42 N.Y.2d 289 | NY | 1977
Lead Opinion
We hold that official audit reports issued on behalf of the State Comptroller by the Division of Audit and Accounts are subject to an absolute privilege in any action for defamation based on the content of such reports.
With the Counties of Essex and Franklin as its two local sponsors, North Country Community College was established at Saranac Lake, New York, in 1967 pursuant to article 126 of the Education Law. In 1971 at the request of North Country, the State Comptroller’s office made an audit of the college pursuant to the authority of section 1 of article V of the New York State Constitution and section 8 of the State Finance Law. After comments by the college in response to the audit findings, the audit report was released to the press on March 27,1973.
The audit presented a wide-ranging review of the financial affairs of the college from its inception through fiscal 1970-1971. In commenting on the college’s use of outside consultants, reference was made to the engagement of a local computer service company (claimant) to maintain payroll records and to process all college payrolls. Costs of this service were detailed, and then, after a reference to the incompleteness of the figures available, there followed the statement of which plaintiff now complains: "Nevertheless we believe that
Claimant thereupon filed a claim against the State charging defamation. The Appellate Division reversed the judgment claimant obtained in the Court of Claims and dismissed its claim. There should be an affirmance; we agree that the publication in question was subject to an absolute privilege.
We have recently had occasion to consider the history and the somewhat "checkered jurisprudential course” of the doctrine of absolute privilege in the law of defamation (Stukuls v State of New York, 42 NY2d 272 [decided herewith]). Note was taken there of the somewhat broader application of the doctrine to legislators and judges than to members of the executive branch of government. With respect to the latter category, the protective shield of absolute privilege has been raised uniformly only for officials of cabinet rank. In Stukuls we held that such privilege did not extend to communications of the acting president and vice-president of a local college unit of the State University of New York although he was acting in his official capacity.
Appellant argues that because the audit report in this instance, as would certainly be true of almost all such audit reports, was actually prepared by employees of the division rather than by the Comptroller himself, there should be but a qualified privilege. We reject this contention. The Comptroller is expressly authorized to assign examination and audit work to examiners appointed by him pursuant to law.
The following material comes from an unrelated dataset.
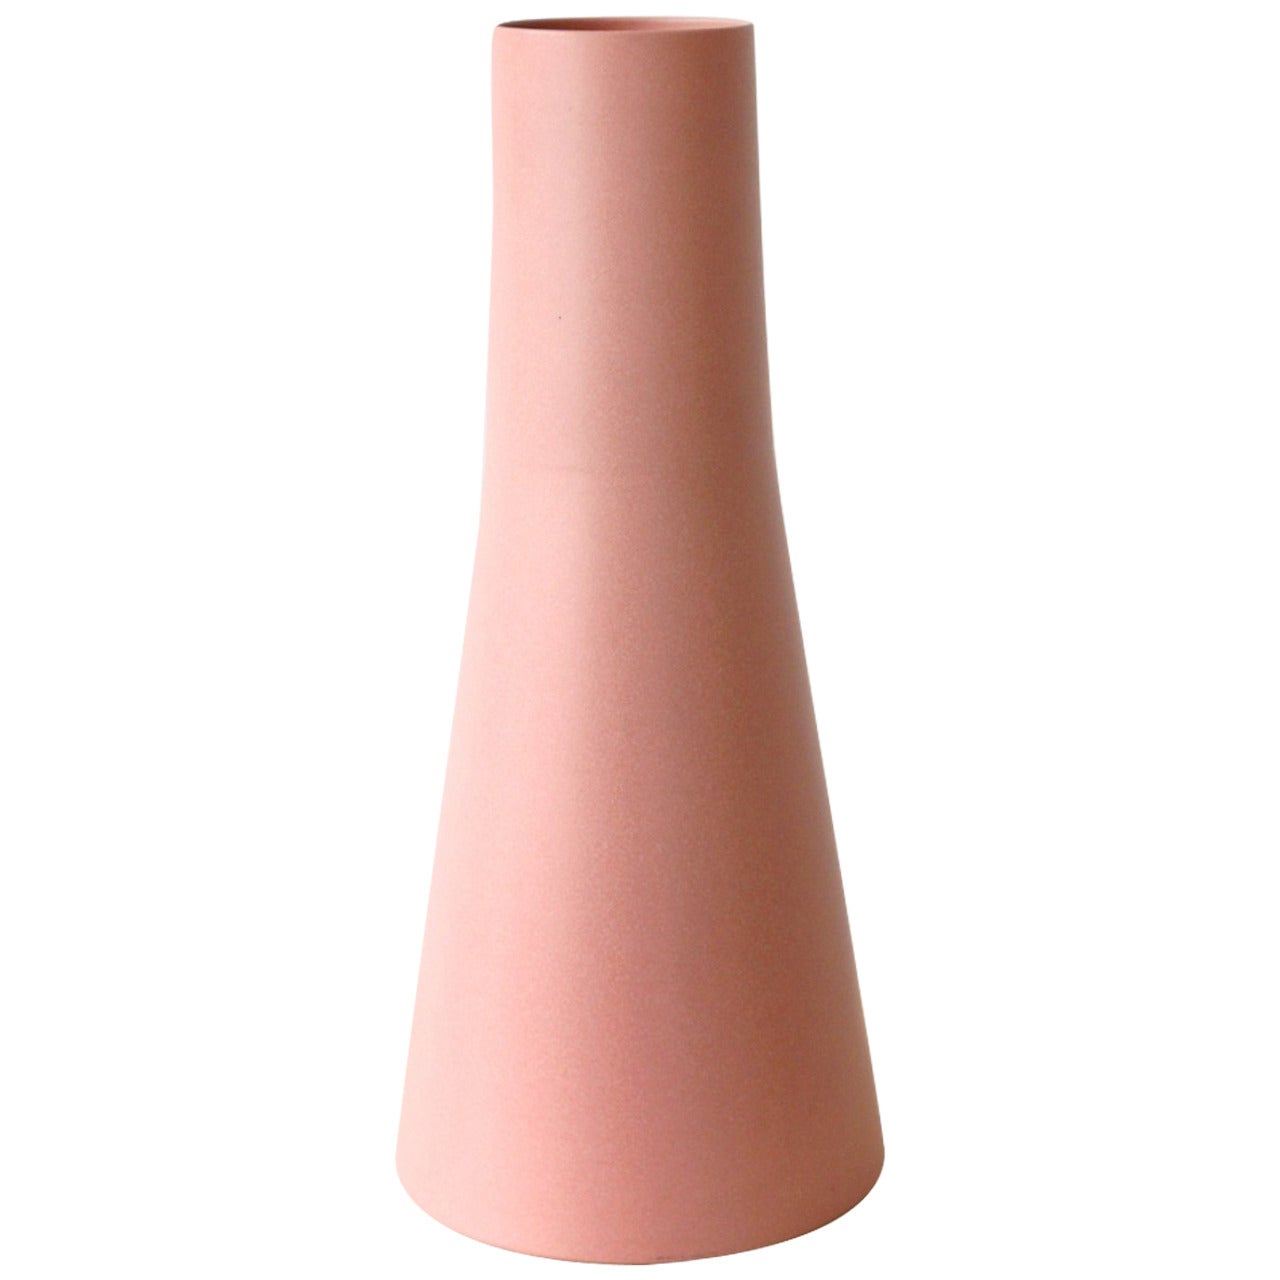 Vase, Pink Glaze, Unicum, Geert Lap For Sale

Section 43 of the Executive Law provides in part:
"§ 43. Examiners
"1. Whenever the comptroller may deem it necessary to enable him to perform the duties imposed upon him by law with regard to the inspection, examination and audit of the fiscal affairs of the state or of the several officers, departments, institutions, public corporations or political subdivisions thereof, he may assign the work of such inspection, audit and examination to any examiner or examiners appointed by him pursuant to law.”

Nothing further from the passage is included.